What you have to do ▸ Write out exactly the lines below from the one containing "Throwing it back" to the last, both ends kept, and nothing more; skip all pictures.
##### Data block
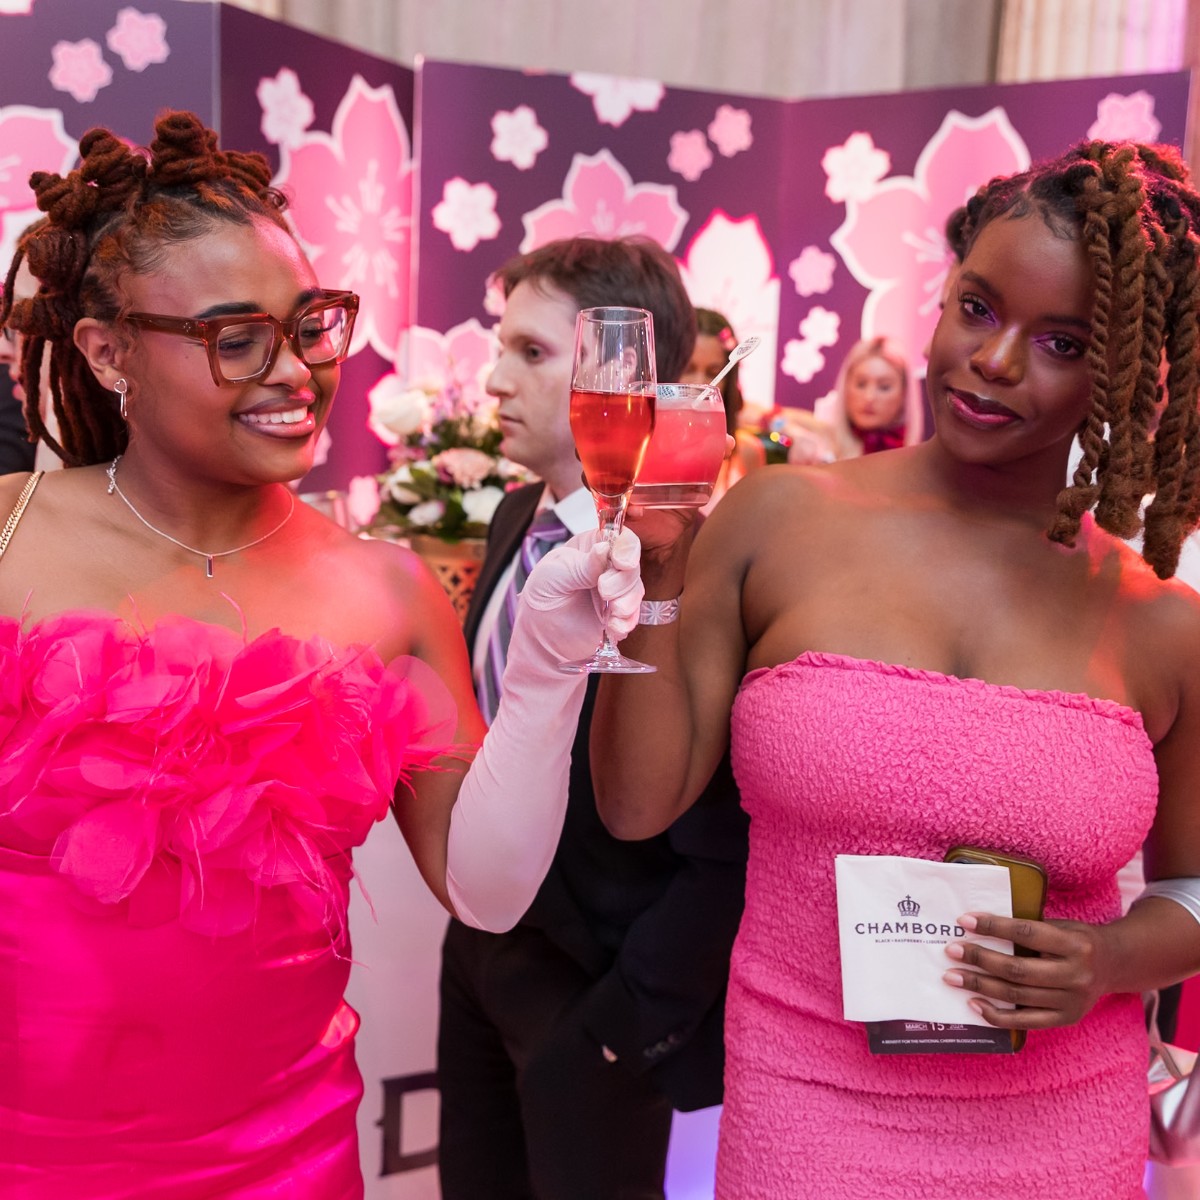 🌸 #ThrowbackThursday 🌸

Throwing it back to #PinkTieParty presented by @UnionStation_DC & @DesignCuisine! We're sending a huge thank you to our incredible media sponsors, @audacy, @washblade, @washingtonian for helping us spread the cherry blossom cheer far & wide! 🎶
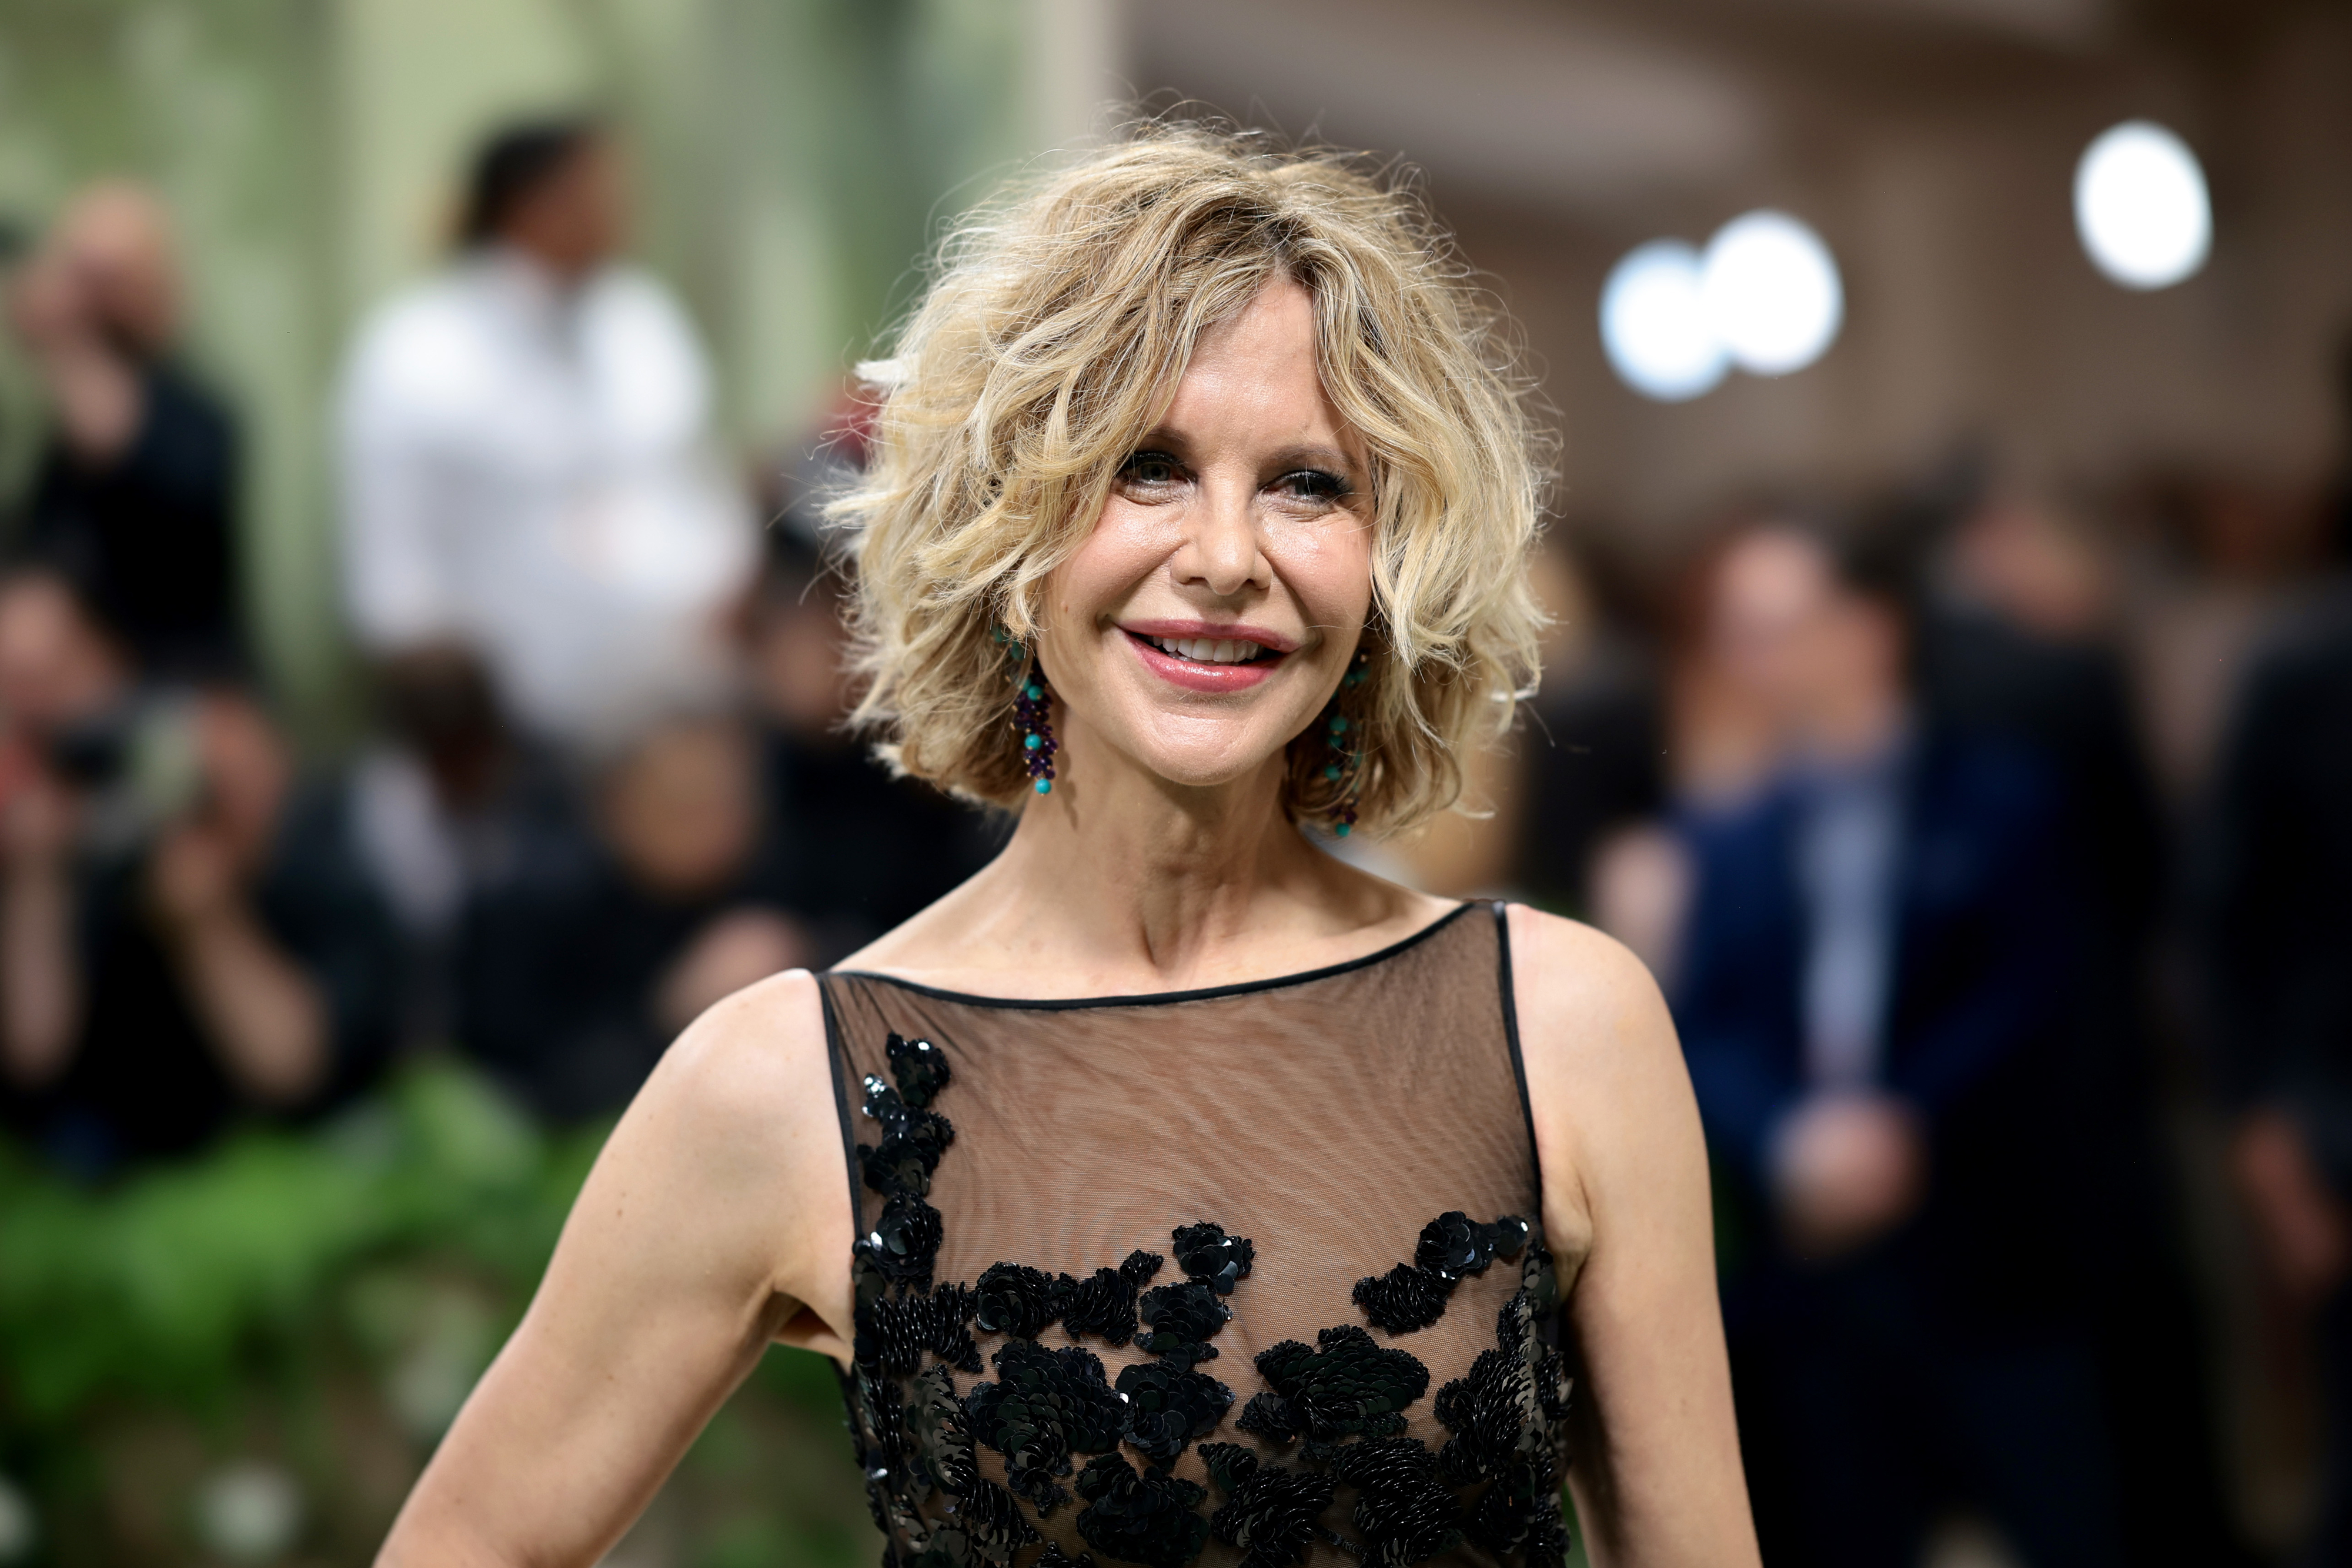 Meg Ryan smiling on the red carpet, wearing a sheer black dress with floral detailing
##########
Solved exercise ▸
Throwing it back to #PinkTieParty presented by @UnionStation_DC & @DesignCuisine! We're sending a huge thank you to our incredible media sponsors, @audacy, @washblade, @washingtonian for helping us spread the cherry blossom cheer far & wide! 🎶
 Meg Ryan smiling on the red carpet, wearing a sheer black dress with floral detailing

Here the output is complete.